= Available data =
_ _ _ _ _ _ _
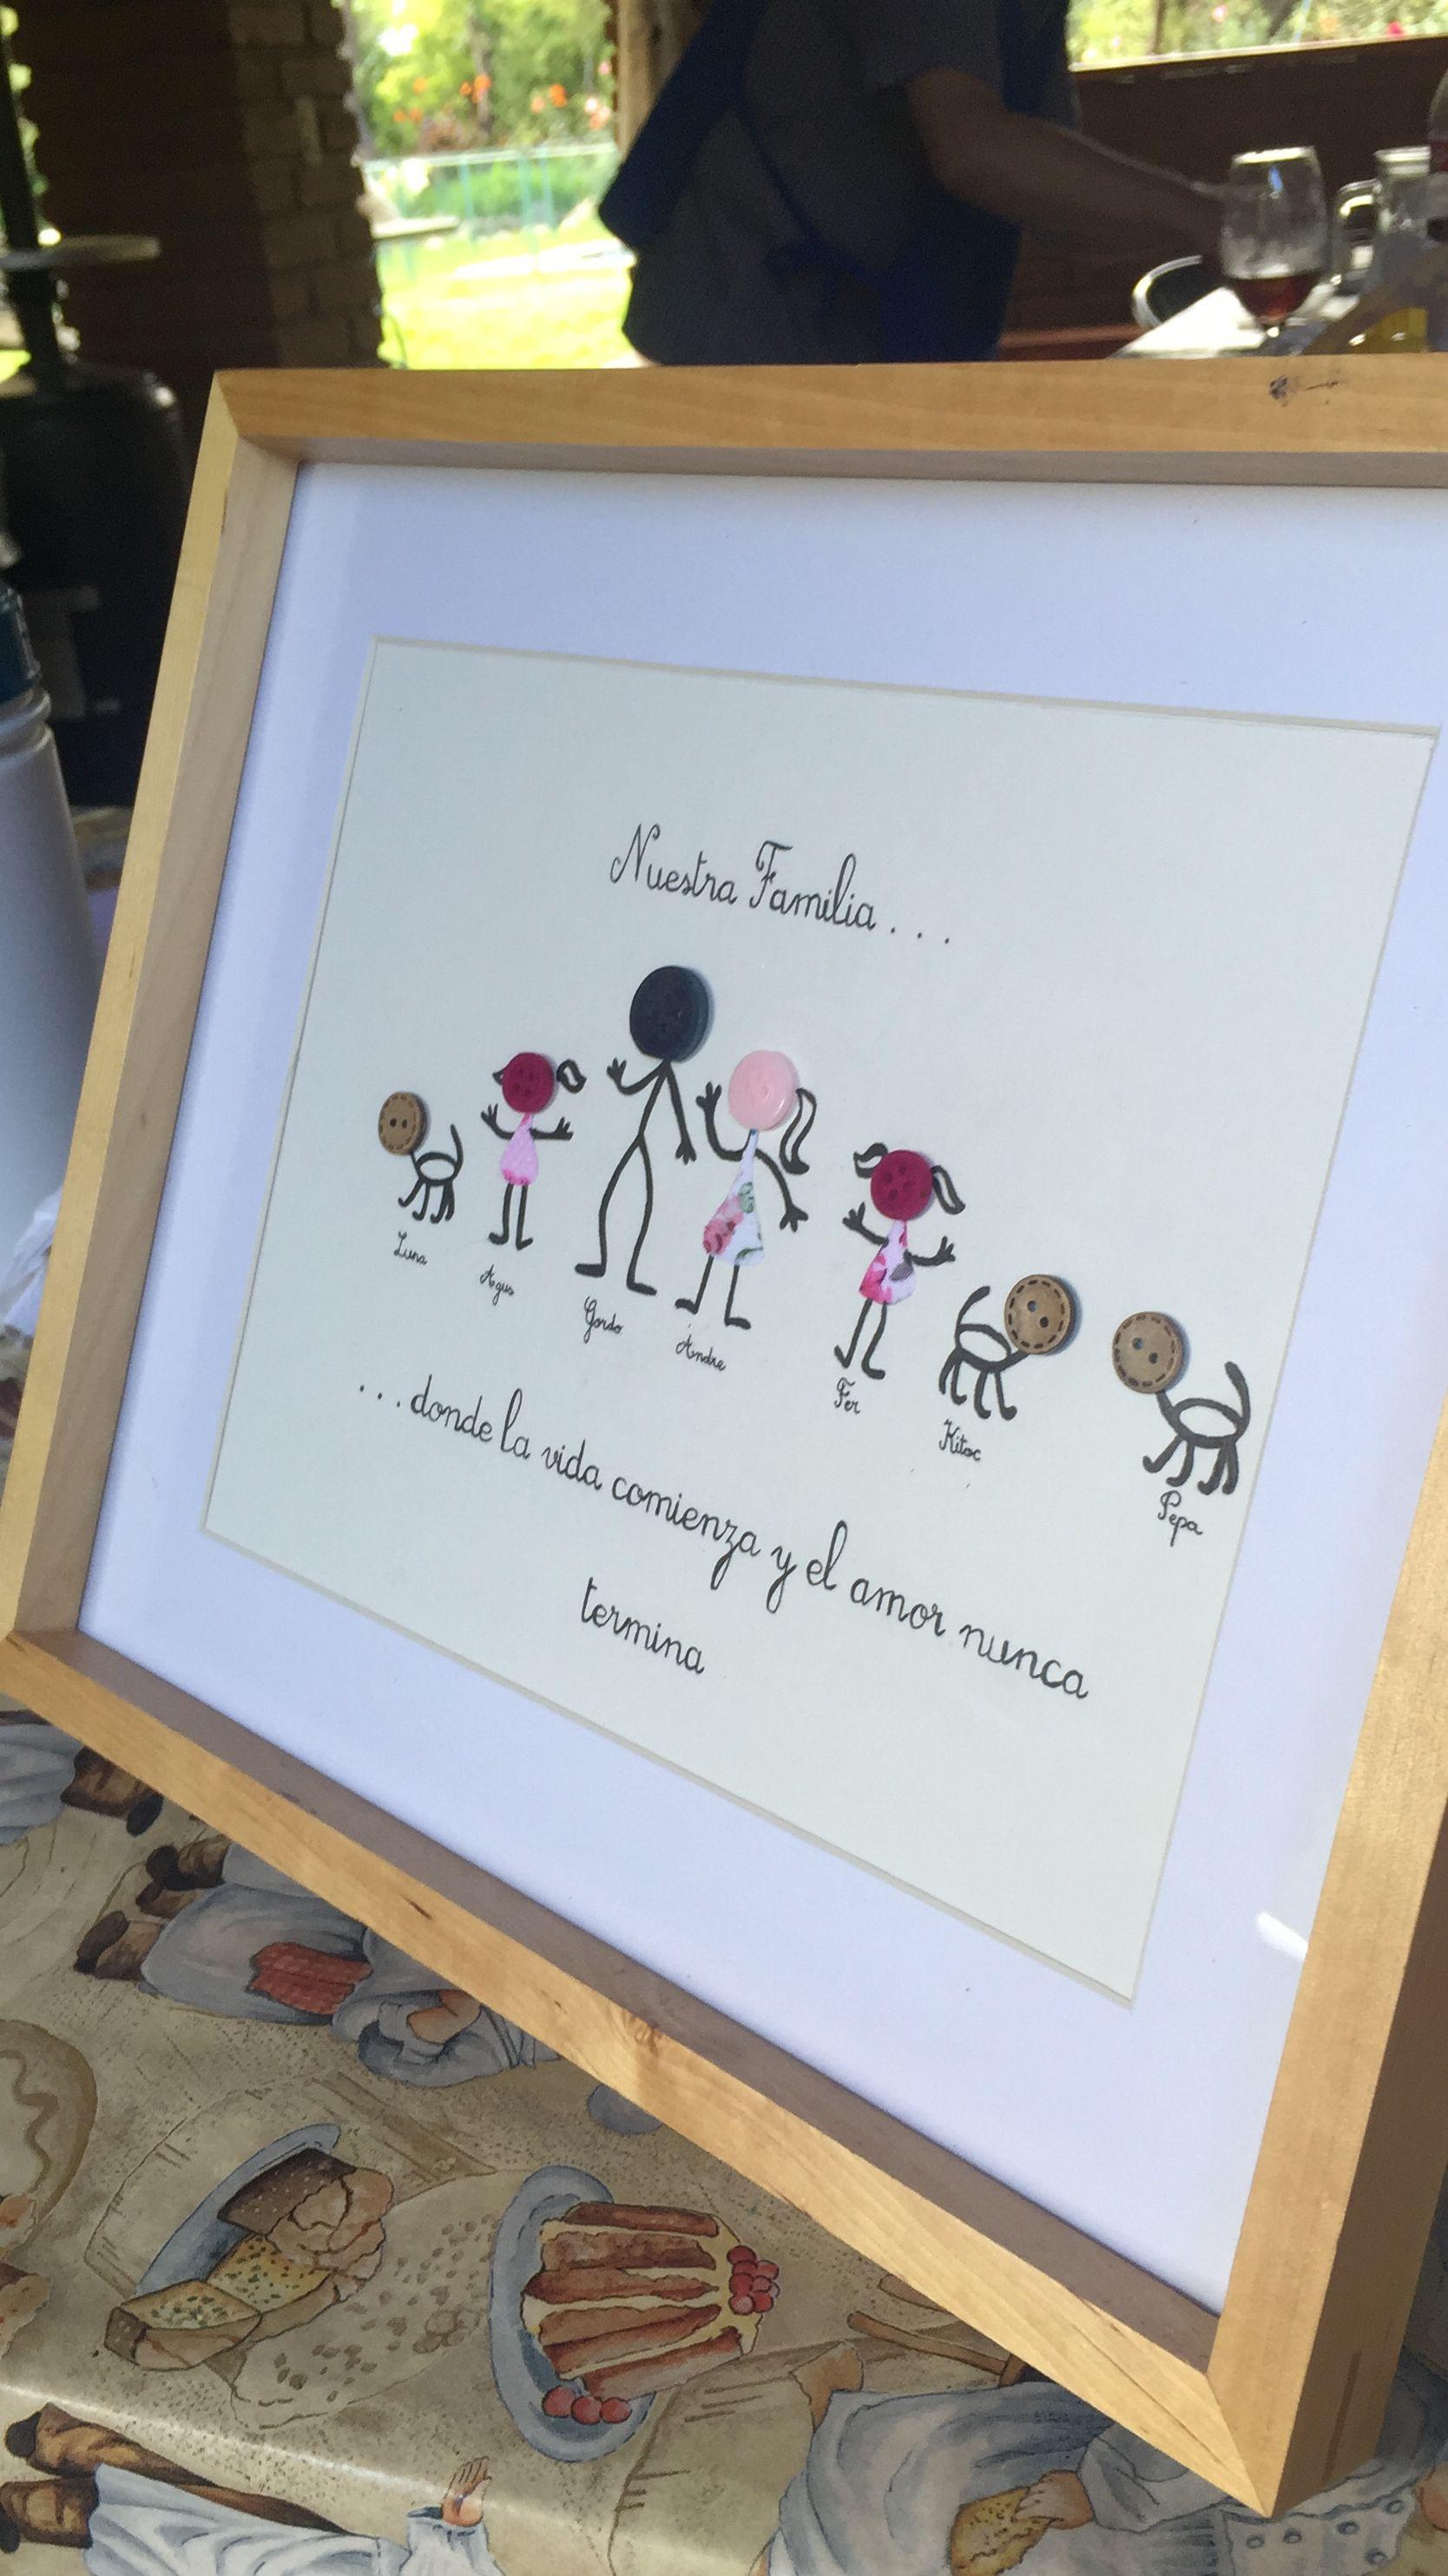 Pin de Shirley Thomas en Buttons | Pinterest | Marcos, Recuerdos y ...
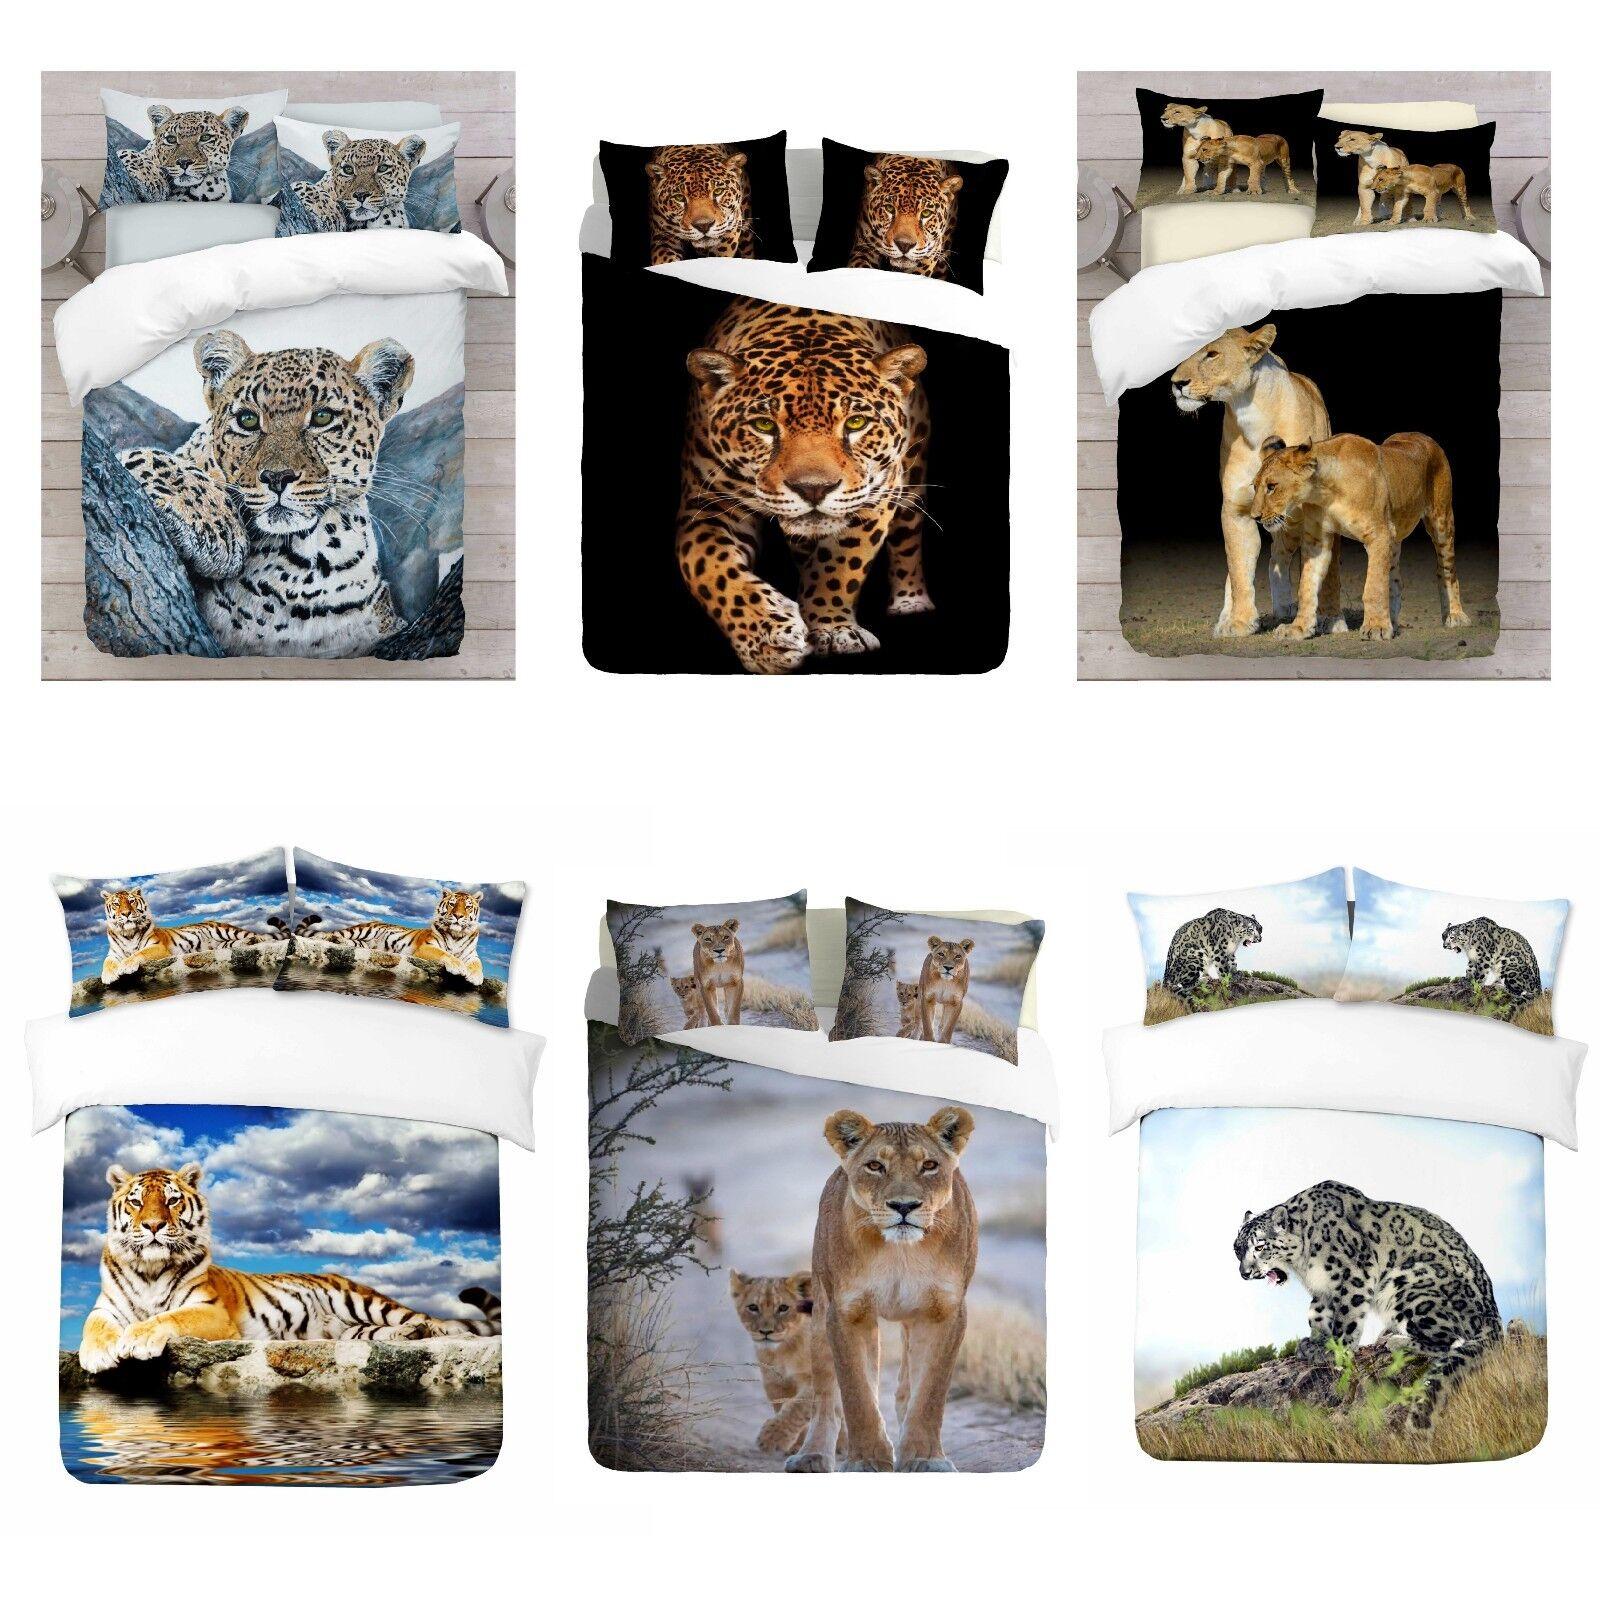 UK Made 3D Lions Design Photo Digital Duvet Quilt Startseite With Pillowcases
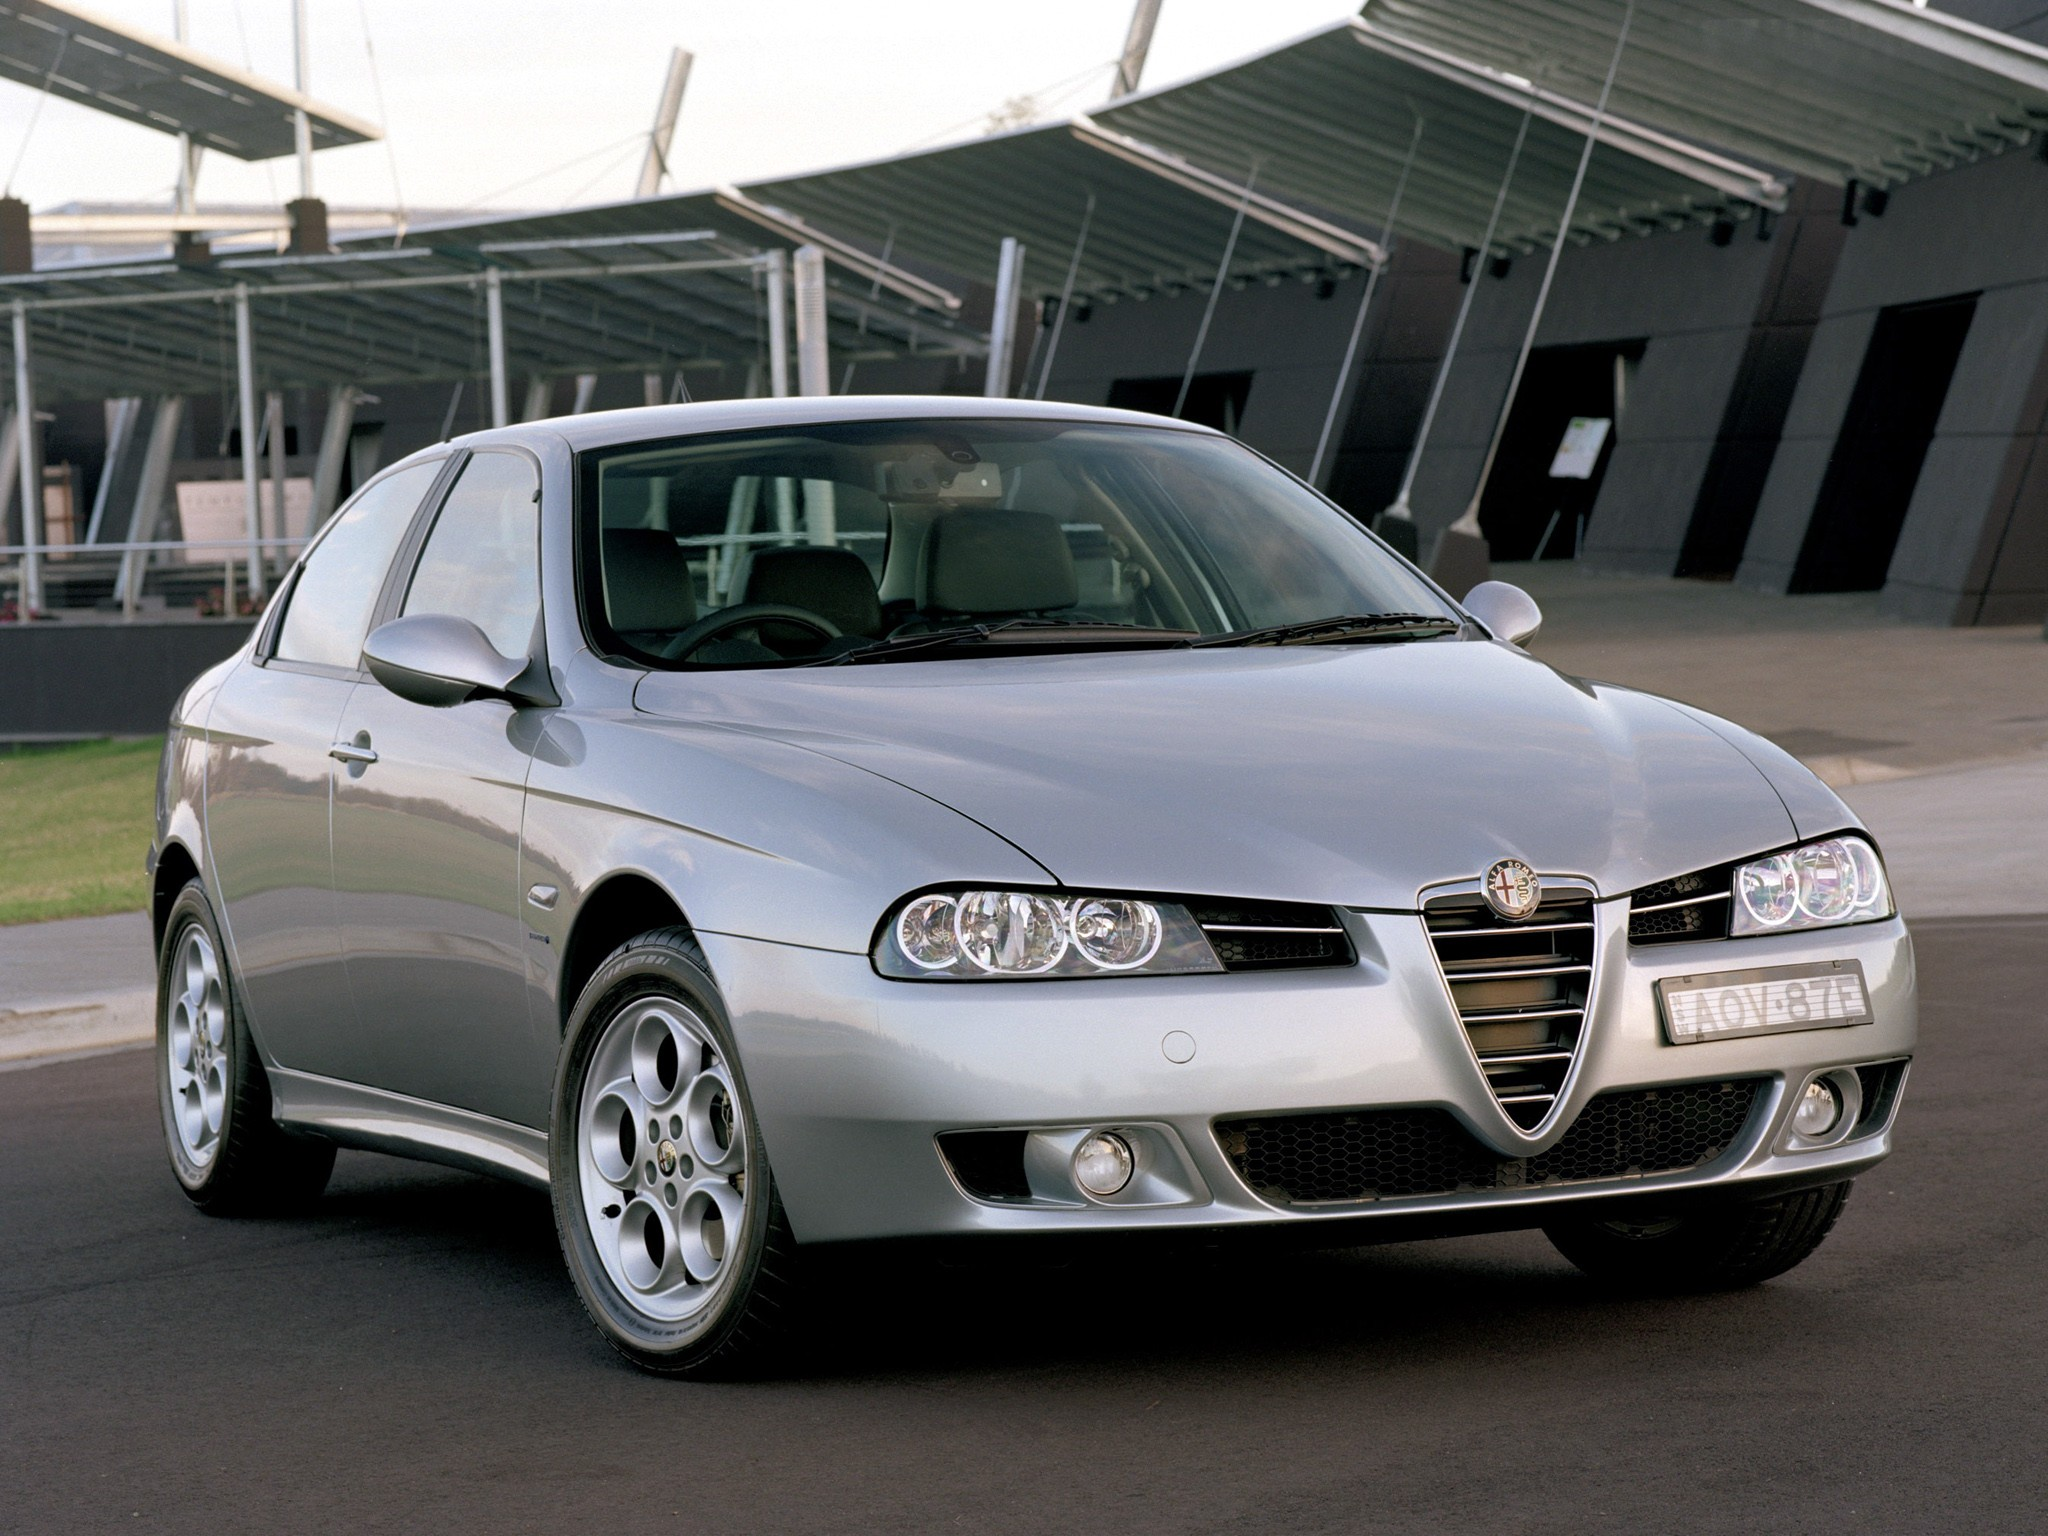 ... ALFA ROMEO 156 (2003 - 2005) ...
_ _ _ _ _ _ _
= Required action =
Give the listing again exactly, excluding pictures.

= Output for this task =
 Pin de Shirley Thomas en Buttons | Pinterest | Marcos, Recuerdos y ...
 UK Made 3D Lions Design Photo Digital Duvet Quilt Startseite With Pillowcases
 ... ALFA ROMEO 156 (2003 - 2005) ...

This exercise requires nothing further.